* [PROBLEM STATEMENT]: Every line of the material is to be returned verbatim. Pictures stay out.

* [EXERCISE DATA]:
****************************************
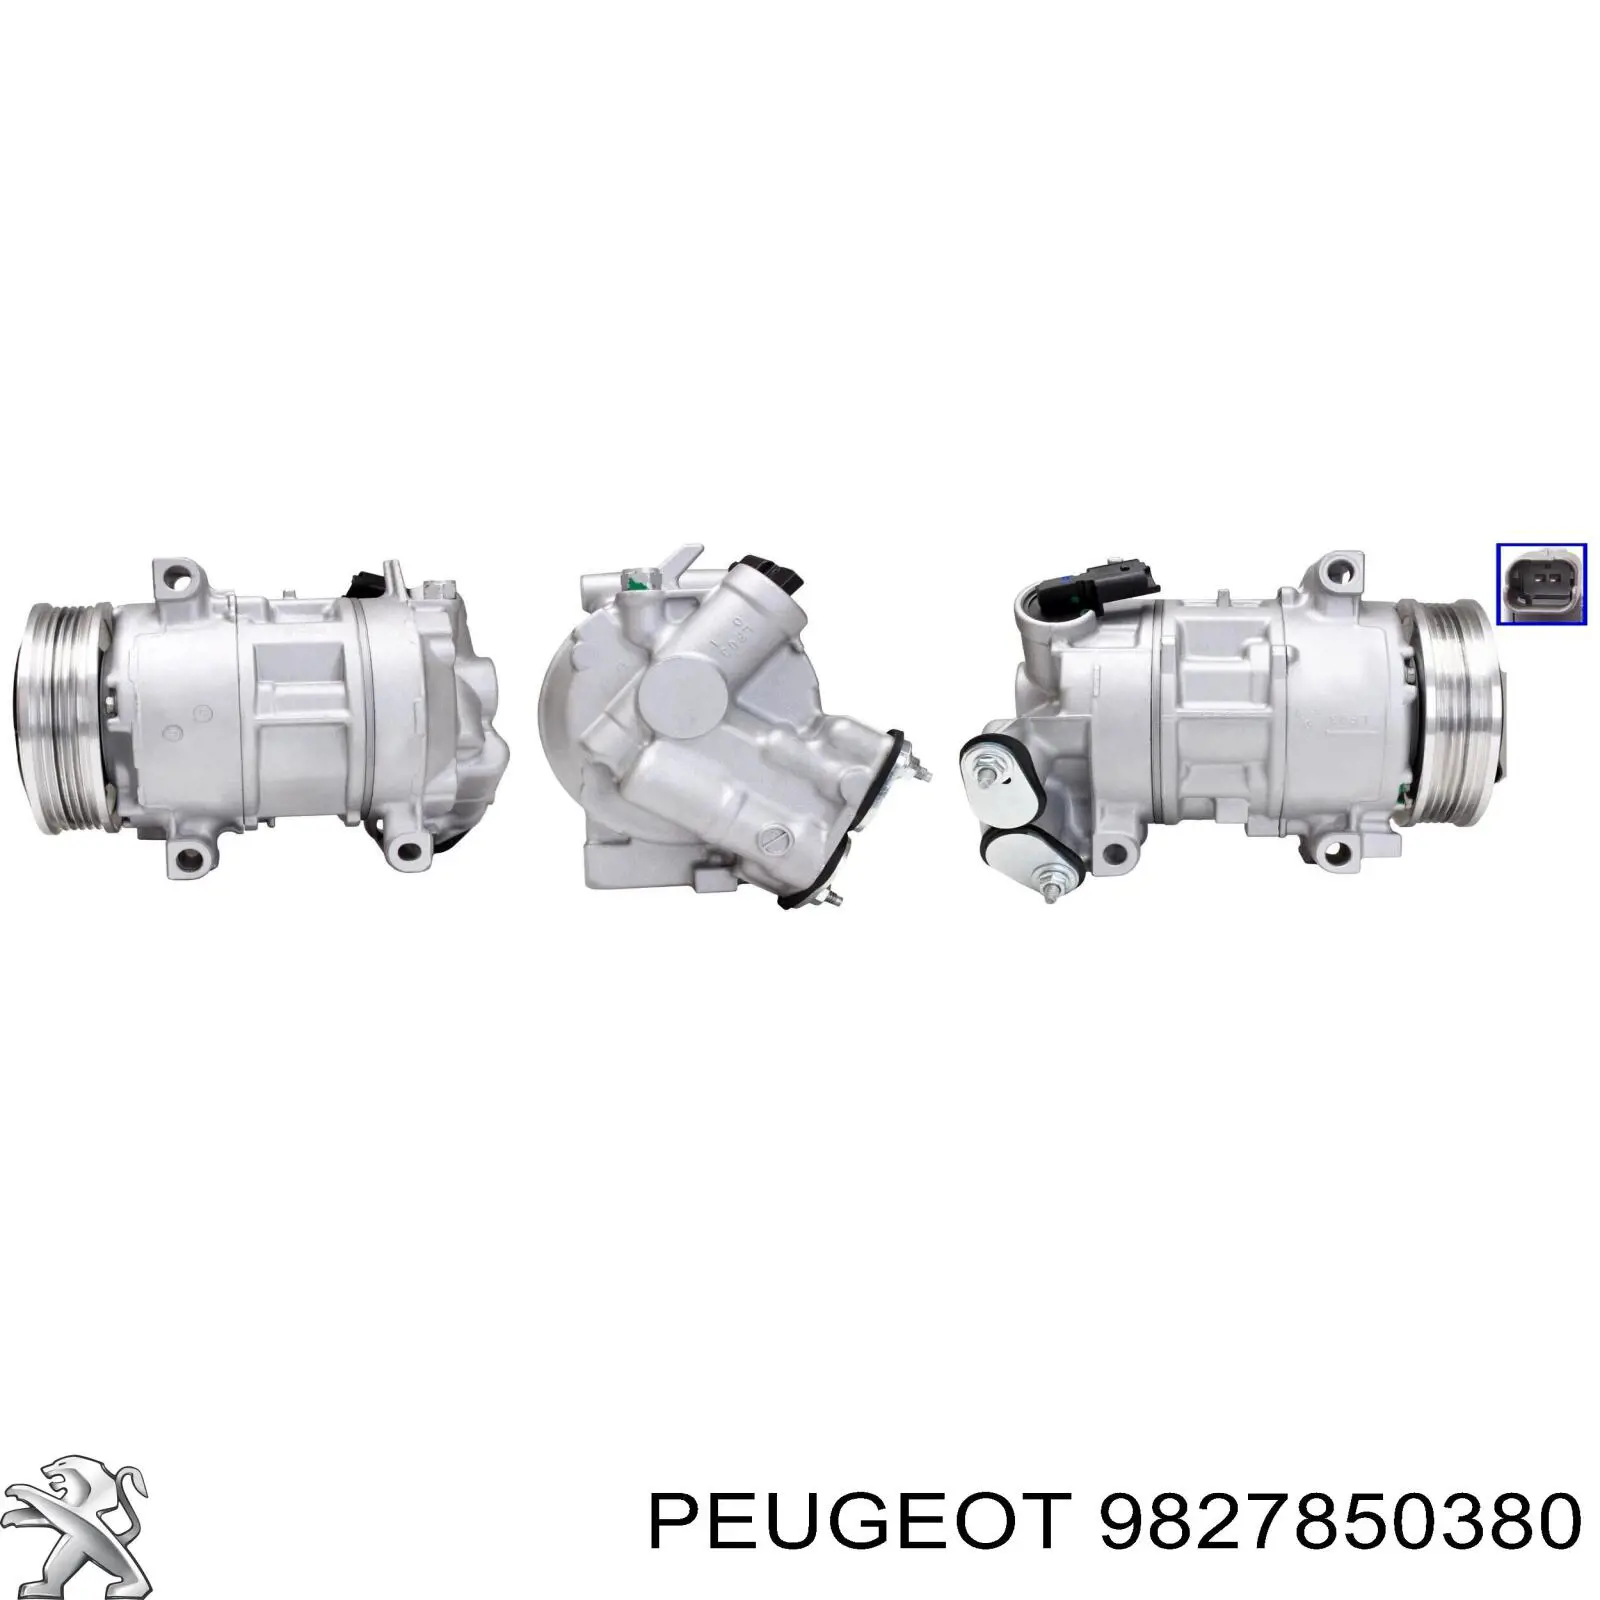 9827850380 Peugeot/Citroen compressor de aparelho de ar condicionado
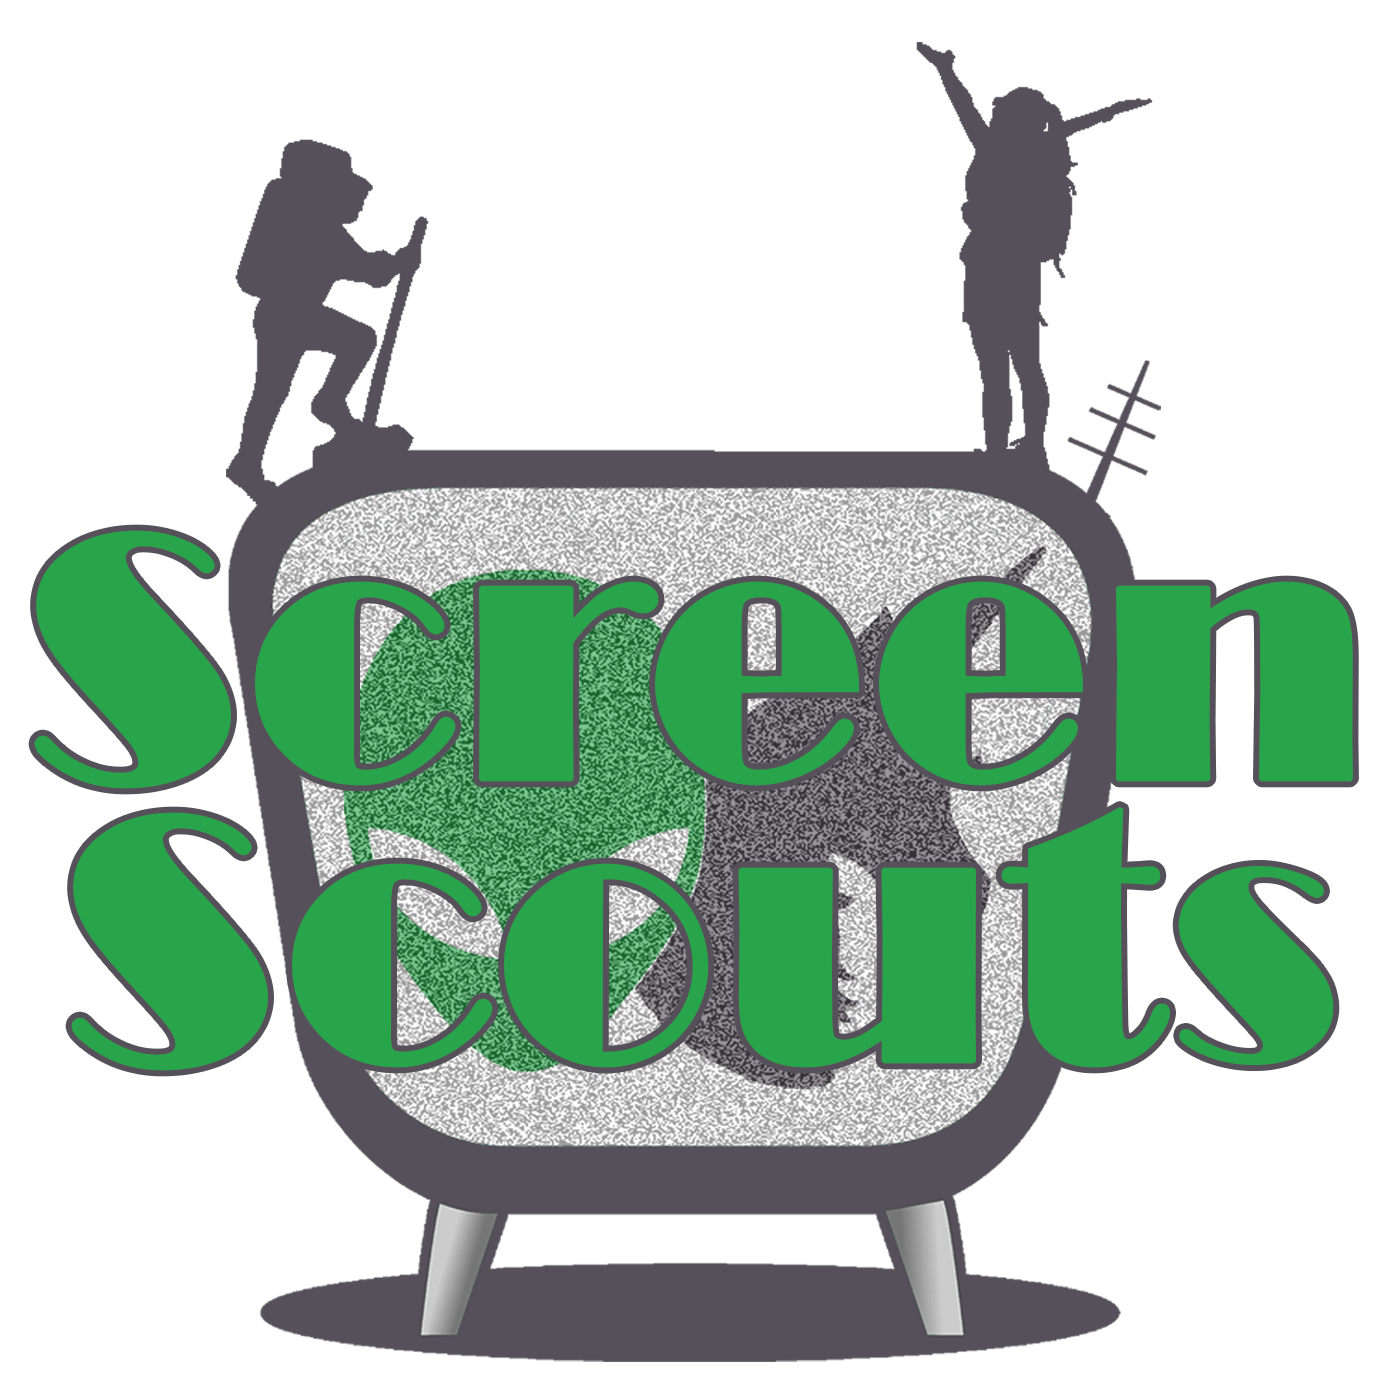 Screen Scouts
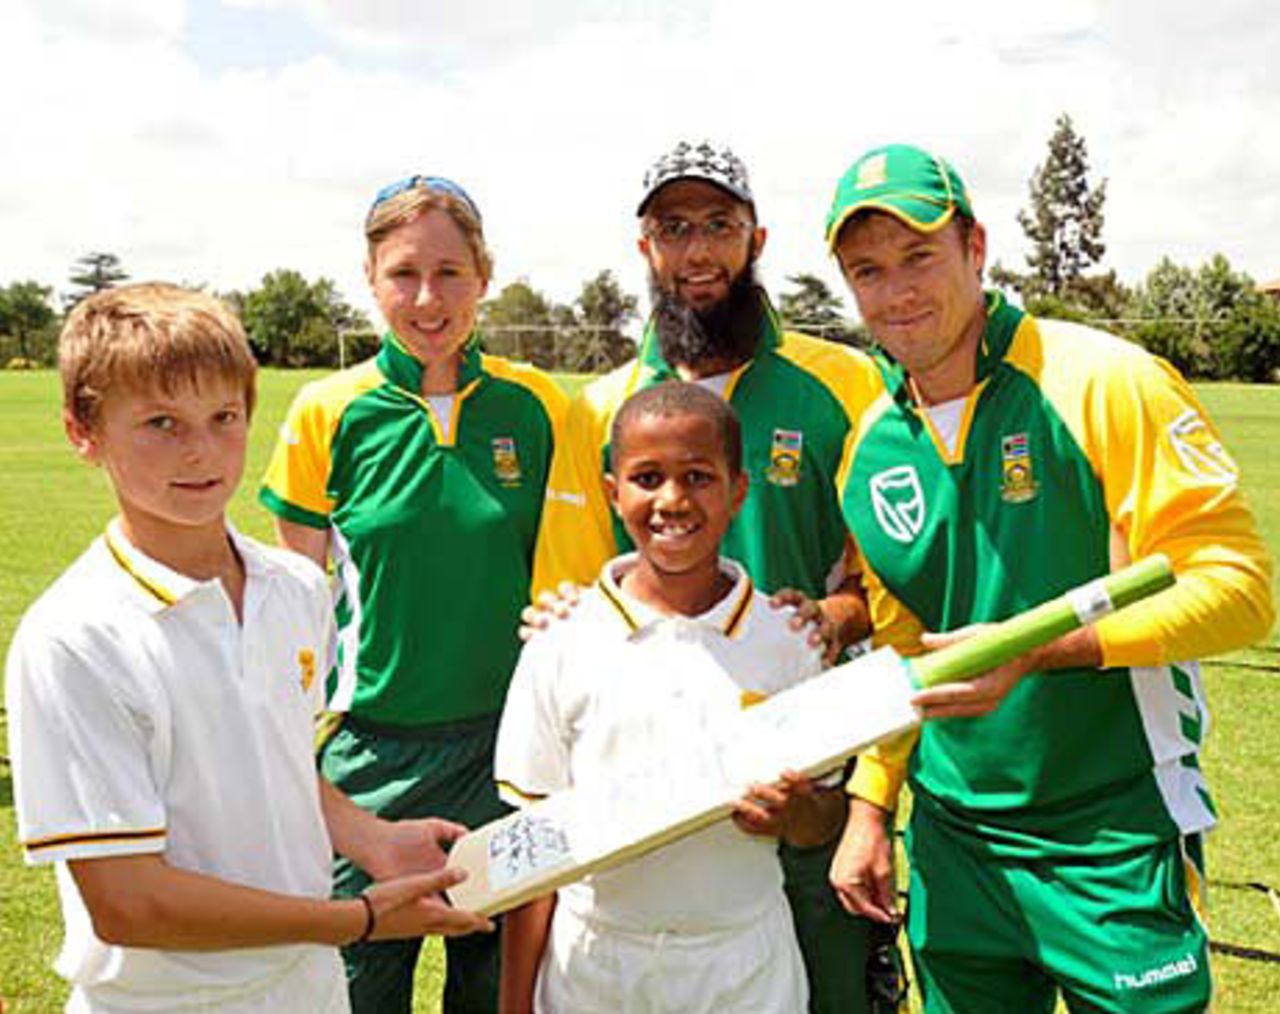 Cri-zelda Brits, Hashim Amla and AB de Villers hand an autographed bat to school children as part of ICC's World Diversity Day, Johannesburg
****************************************
* [ANSWER BOX]:
 9827850380 Peugeot/Citroen compressor de aparelho de ar condicionado
 Screen Scouts
 Cri-zelda Brits, Hashim Amla and AB de Villers hand an autographed bat to school children as part of ICC's World Diversity Day, Johannesburg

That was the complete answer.